English language Uncategorized

A burning question

Q: I am 58 years old and I learned back in sixth grade that “faggot,” the derogatory term for a gay man, is derived from a term for bundles of wood used to burn witches and anyone else thought to be evil. The last time I looked, Wikipedia pooh-poohed this idea. What’s the scoop?

A: When the word “faggot” first showed up in English around 1300, it meant simply a bundle of sticks, twigs, or small branches bound together for fuel, according to the Oxford English Dictionary.

There was no suggestion that the resultant fire would be used to burn witches, heretics, or anyone else thought to be evil. The word is still used today in the sense of kindling, especially in Britain.

It wasn’t until the mid-16th century that the term was used in reference to the burning alive of heretics. The first citation in the OED, dating from around 1555, is by Hugh Latimer, an Anglican bishop.

In a collection of sermons and other writings, Latimer refers to “a few flying apostates, running out of Germany for fear of the fagot.” (Note that the term here refers to the kindling, not the heretics.)

In the late 16th century, “faggot” also came to be “a term of abuse or contempt applied to a woman,” according to the OED. The first citation for this usage is in a 1591 discourse on the immorality of Athens.

Thomas Lodge, the author of the discourse, uses the term “faggot” in reference to “an Athenian she handfull.” Why would a woman (even a “she handfull”) be called a “faggot”?

The word sleuth Dave Wilton, on his website, speculates that the usage “probably comes from the idea of a faggot being a burden or baggage (not unlike the modern ball and chain).”

Not until the early 20th century did the word “faggot” come to mean a male homosexual. The OED describes this usage as “slang (orig. and chiefly U.S.).”

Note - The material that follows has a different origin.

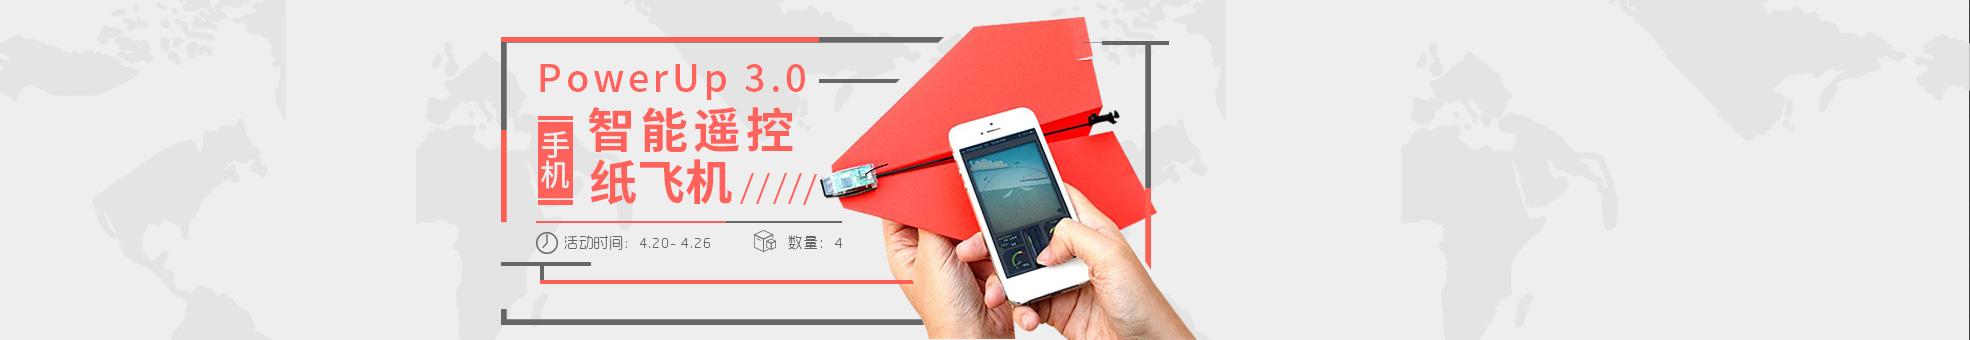 powerup 3.0 手机智能遥控纸飞机

The first published reference is from an entry in a 1914 slang dictionary: “Drag, Example: ‘All the fagots (sissies) will be dressed in drag at the ball tonight.’ “

It’s no surprise, of course, that a term for a woman would one day be applied to a gay man. Another feminine term, “queen,” has been used since the 1890s to refer to a male homosexual.

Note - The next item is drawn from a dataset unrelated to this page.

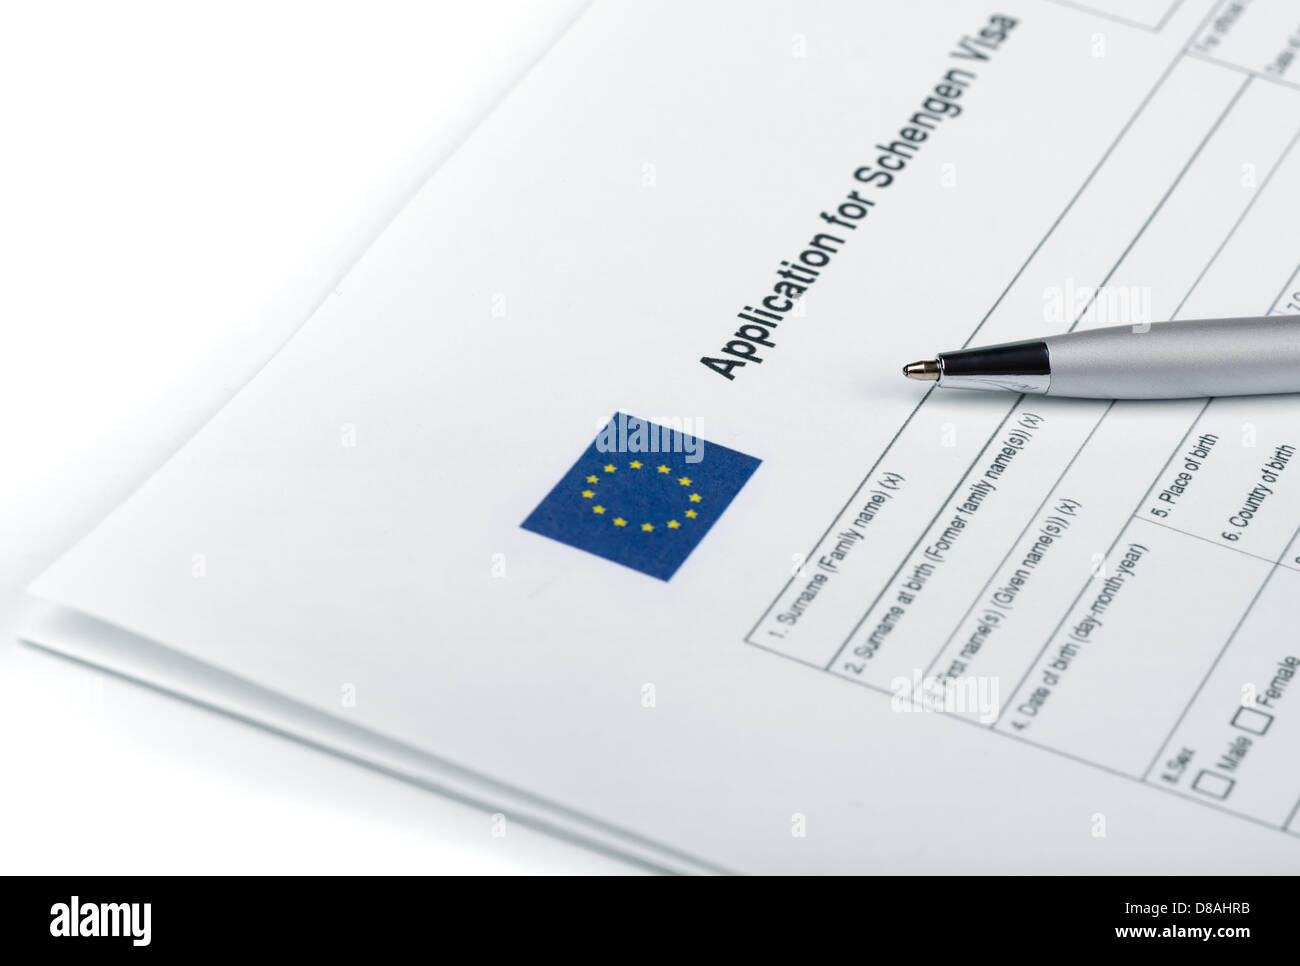 Blank applicatoin for Schengen Visa and pen - Stock Image

“Fag,” in this sense, is simply an abbreviation of “faggot.” It’s been around since the 1920s.

In an early citation (from Death in the Afternoon, 1932), Hemingway sneers at “those interested parties who are continually proving that Leonardo Da Vinci, Shakespeare, etc. were fags.”

The noun “fag” has many other meanings today, especially in Britain. For example, it may refer to a cigarette or to a younger student who performs chores for an older one at an English public school.

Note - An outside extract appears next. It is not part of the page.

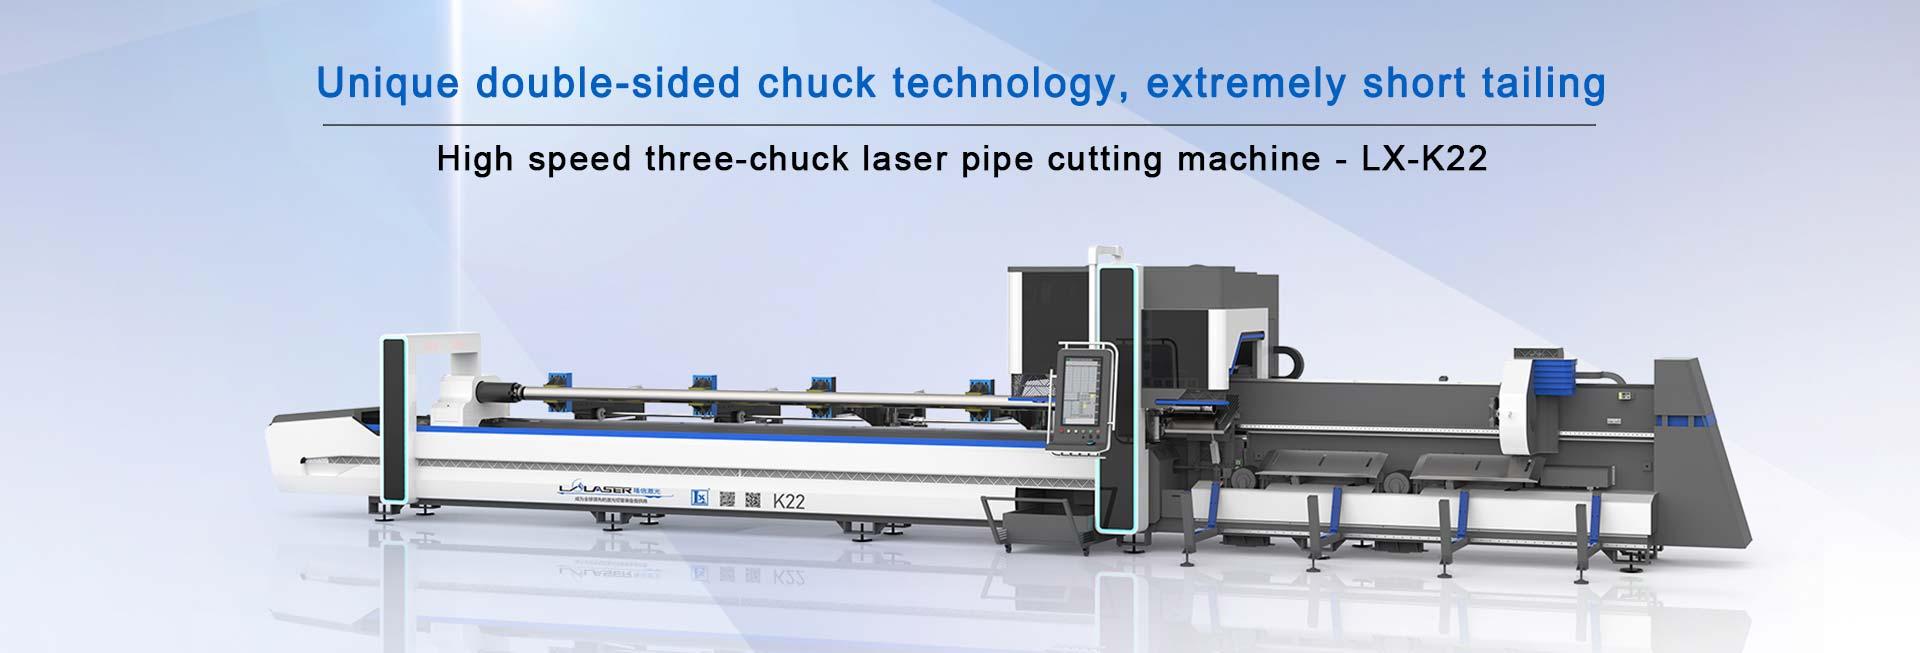 High speed three-chuck zero tailing laser pipe cutting machine K22

Why is a public-school drudge called a “fag”? This meaning comes from the use of the verb “fag” in the sense of to work to exhaustion.

As for the cigarette sense, the OED suggests that it may be derived from the use of “fag” to mean something that hangs loose, as in the fag end of a piece of cloth. But where does this hanging-loose business come from?

It seems that an obsolete meaning of the verb “fag” was to droop, decline, or flag. The OED says this sense is of “obscure etymology,” but “the common view” is that it resulted from a corruption of the verb “flag.”

Enough already. I’m fagged, and it’s time for me to hang loose.